══ Provided information ══

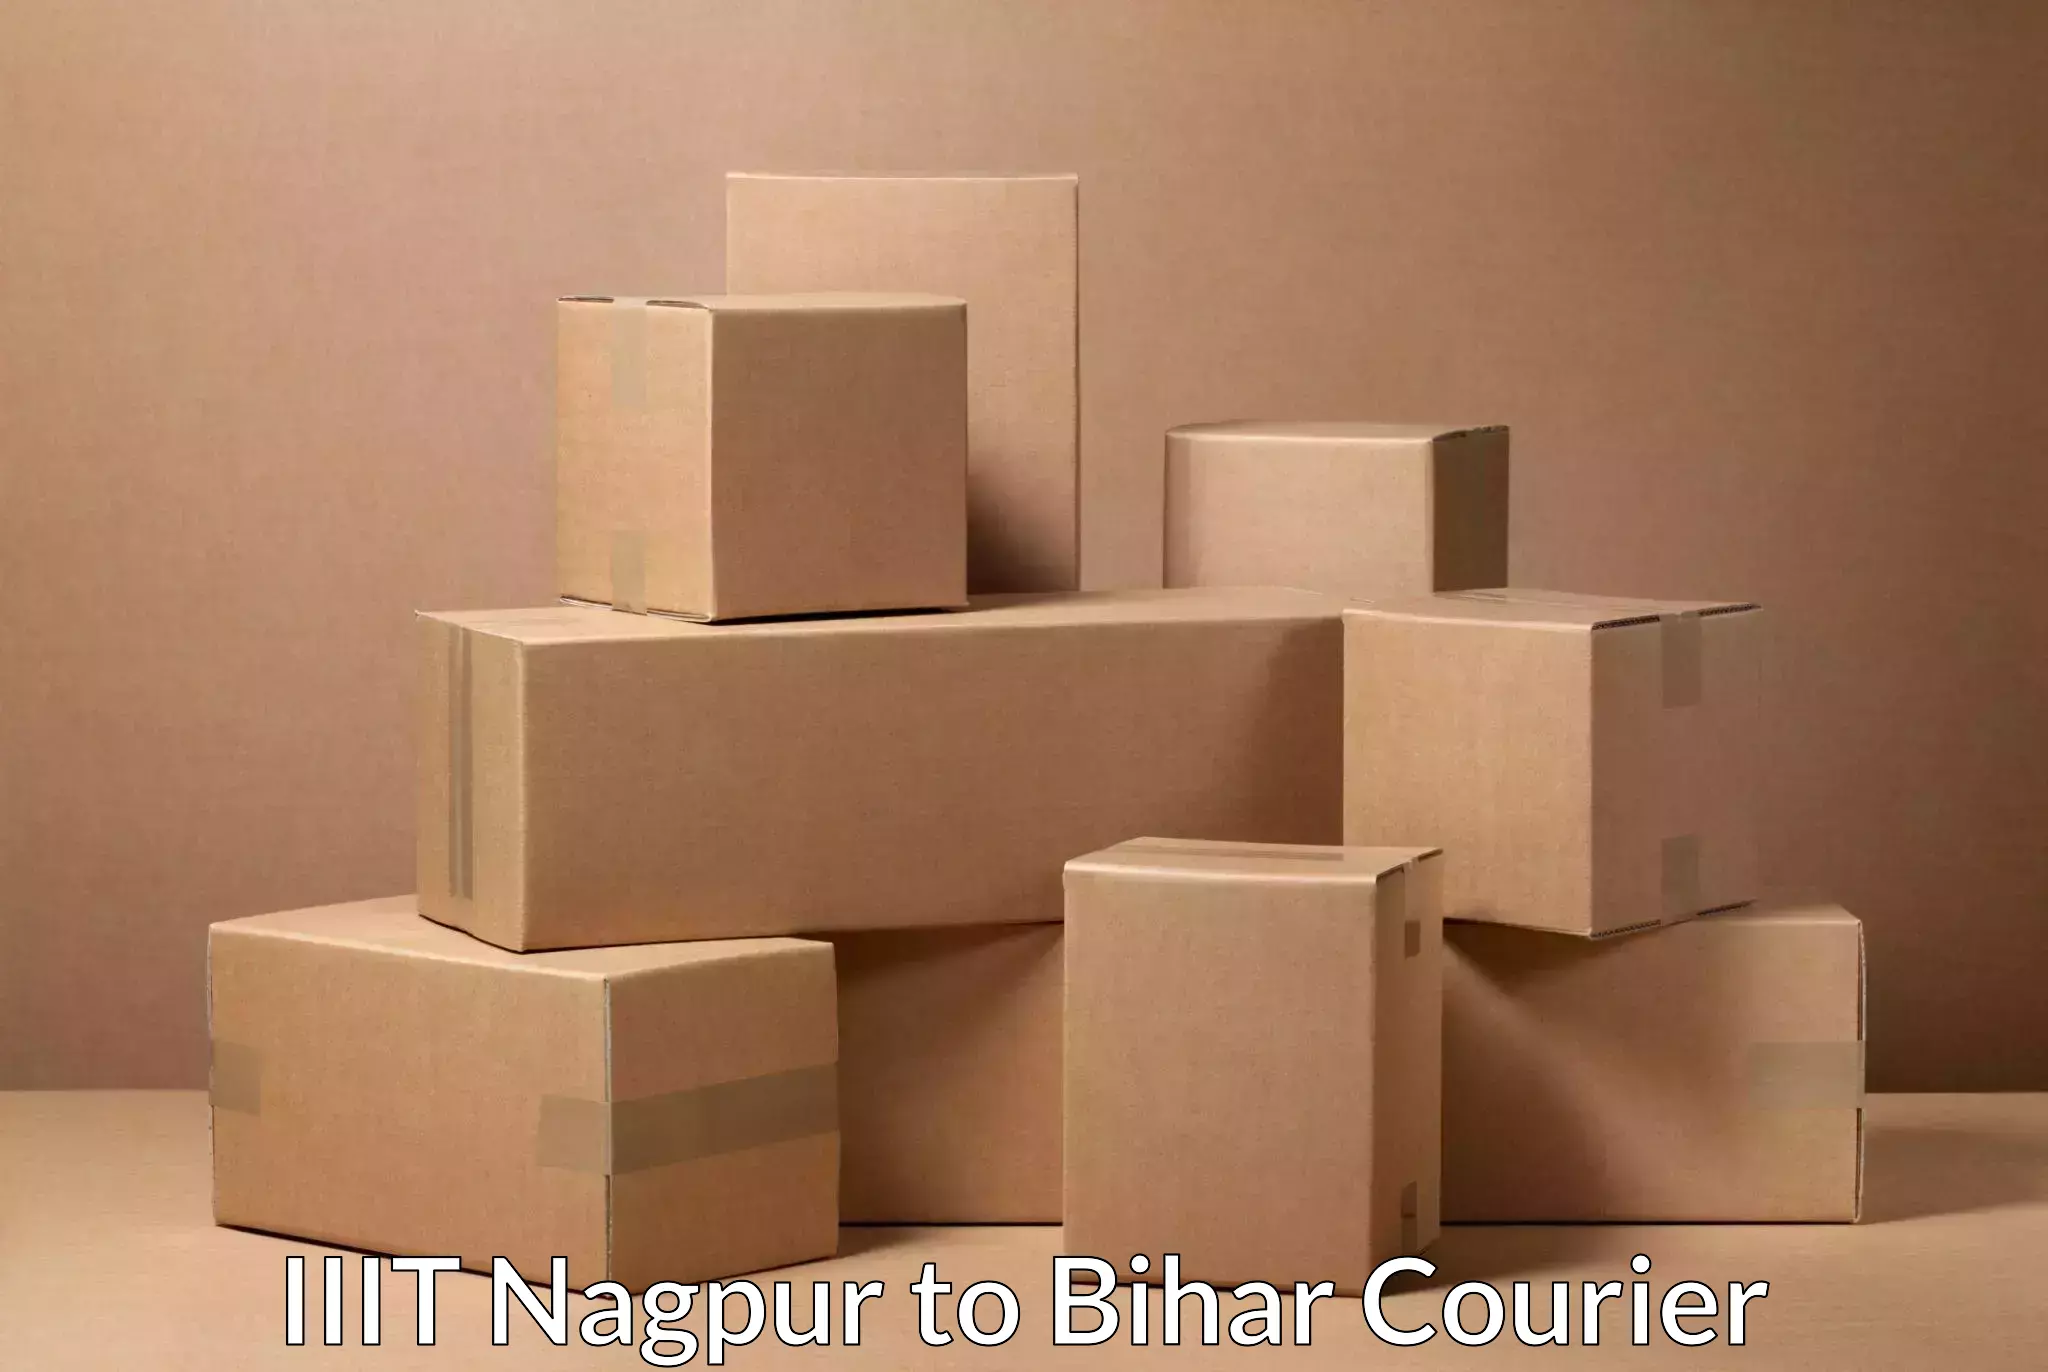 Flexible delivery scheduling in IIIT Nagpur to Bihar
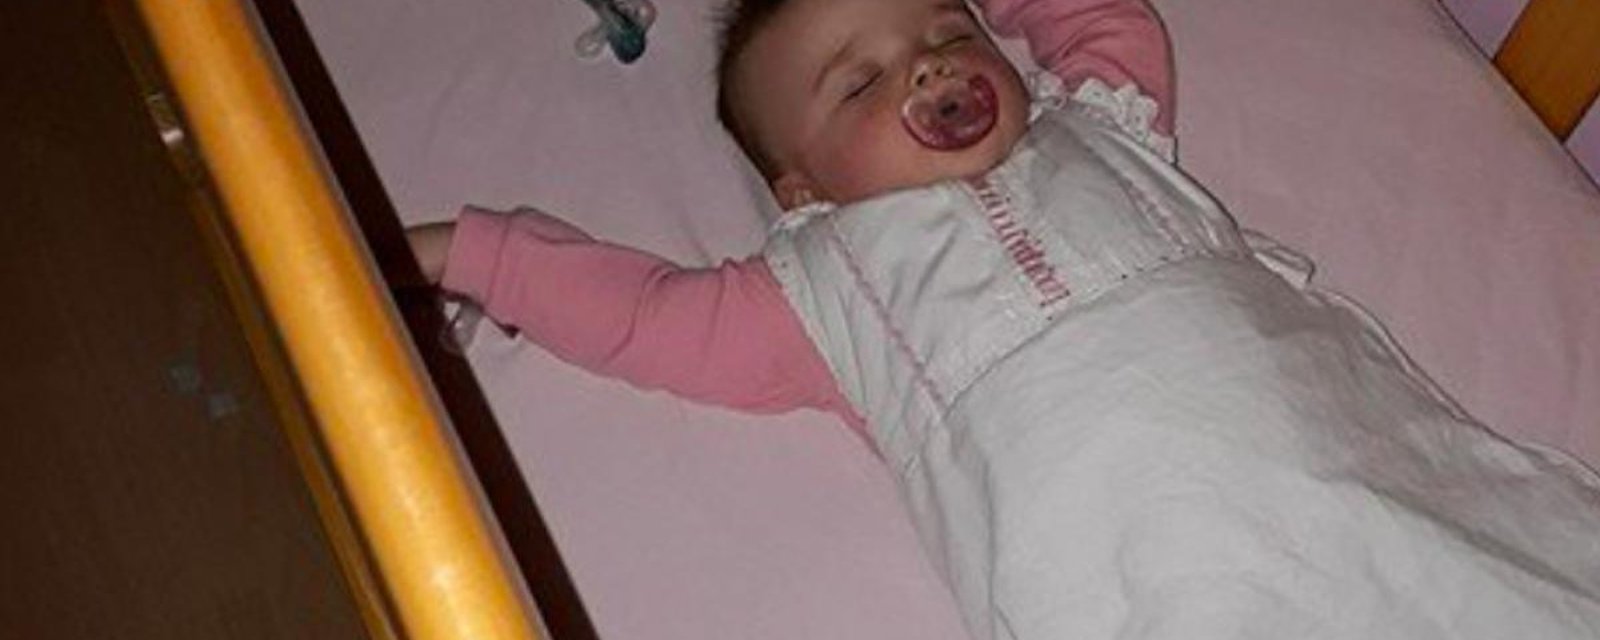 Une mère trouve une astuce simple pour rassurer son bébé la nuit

═══
══ Provided information ══

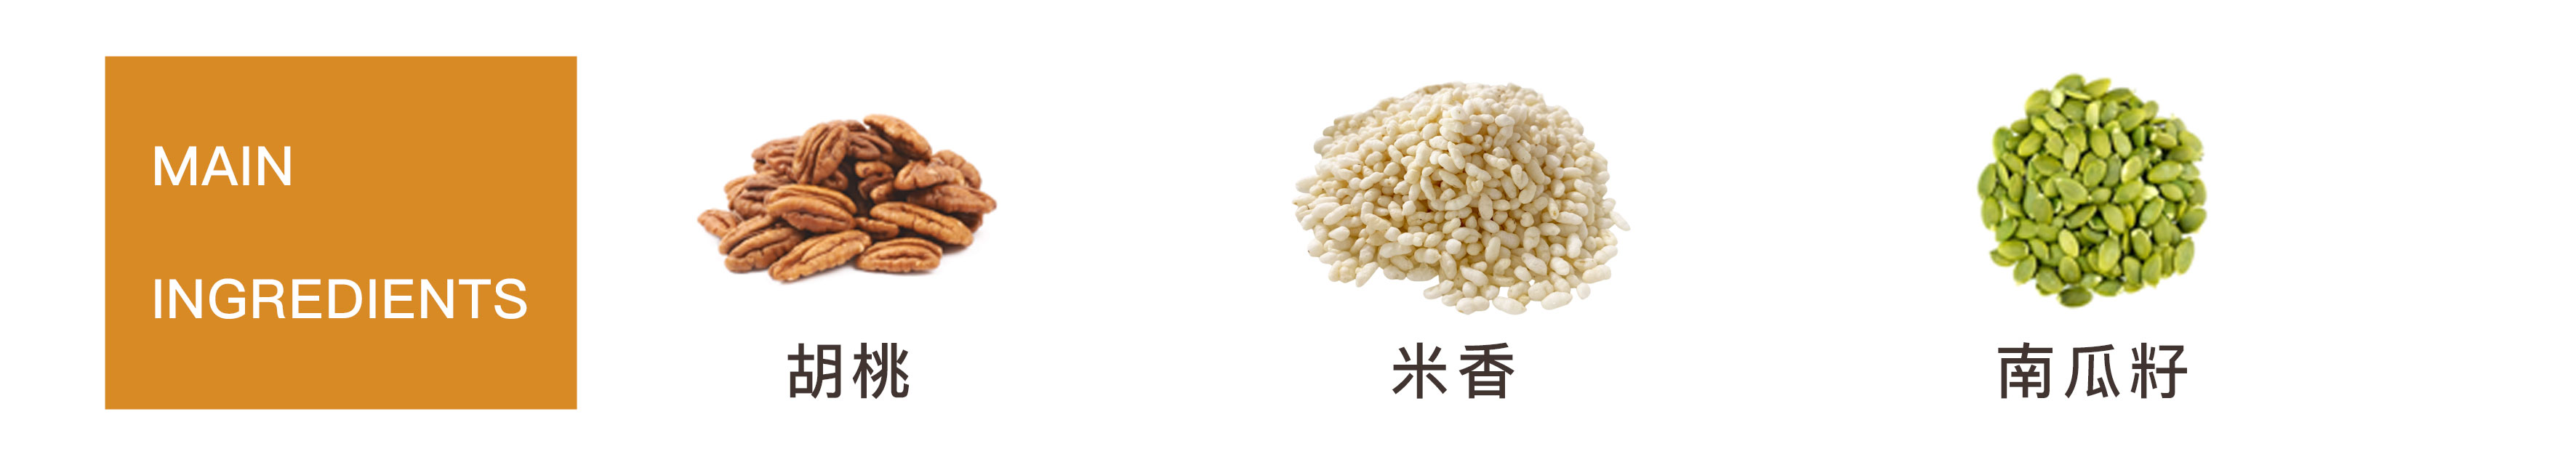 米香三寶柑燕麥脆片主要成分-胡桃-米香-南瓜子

═══
══ Provided information ══

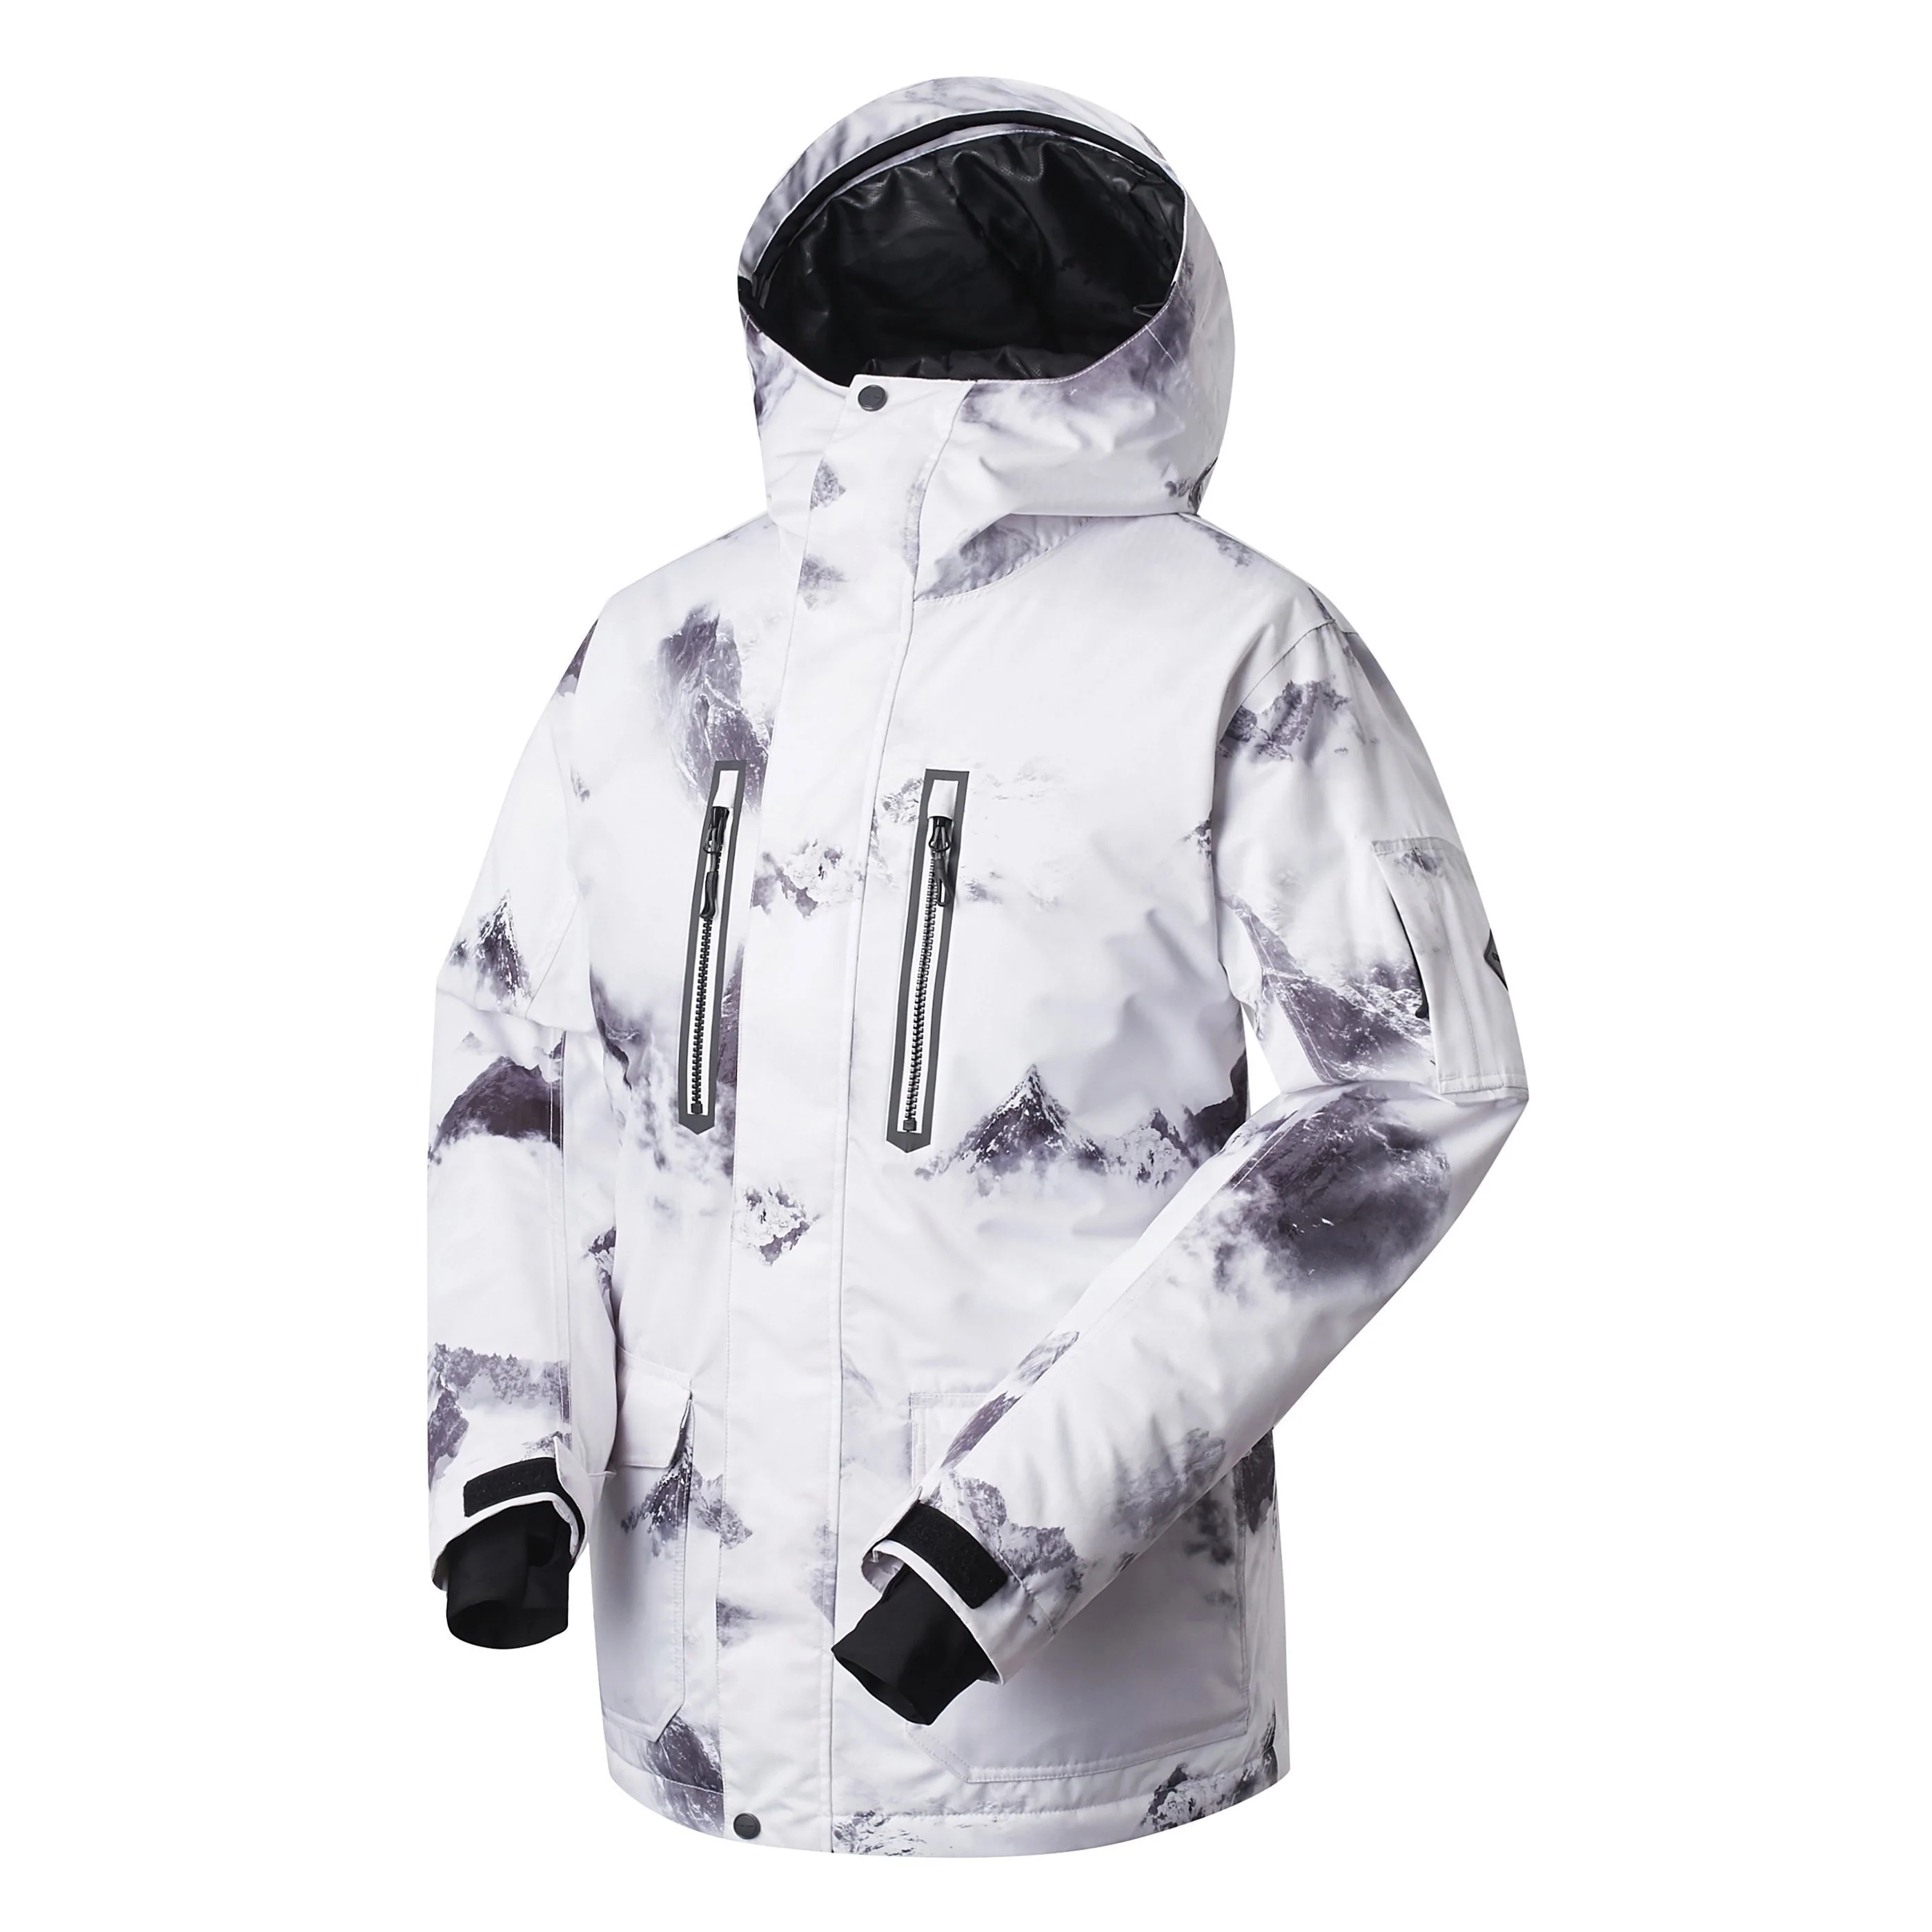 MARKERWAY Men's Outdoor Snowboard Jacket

═══

Assigned task -
Only one stretch of the data is wanted: write out exactly the lines from the one holding "Flexible delivery scheduling" through the one holding "Une mère trouve", both included, without the pictures.

Solution to this task -
 Flexible delivery scheduling in IIIT Nagpur to Bihar
 Une mère trouve une astuce simple pour rassurer son bébé la nuit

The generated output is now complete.